Required work
Print the lines in the listing below that fall between the line with "Fun coloring book Noah's Ark for kids" and the line with "PRADA Tote Bag Nylon 2way White Auth 73106", those two lines included, exactly as they stand and with nothing else.

Records for processing

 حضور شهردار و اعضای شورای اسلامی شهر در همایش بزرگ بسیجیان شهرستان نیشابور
---
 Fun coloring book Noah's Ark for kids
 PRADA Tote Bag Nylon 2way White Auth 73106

Task solution
 Fun coloring book Noah's Ark for kids
 PRADA Tote Bag Nylon 2way White Auth 73106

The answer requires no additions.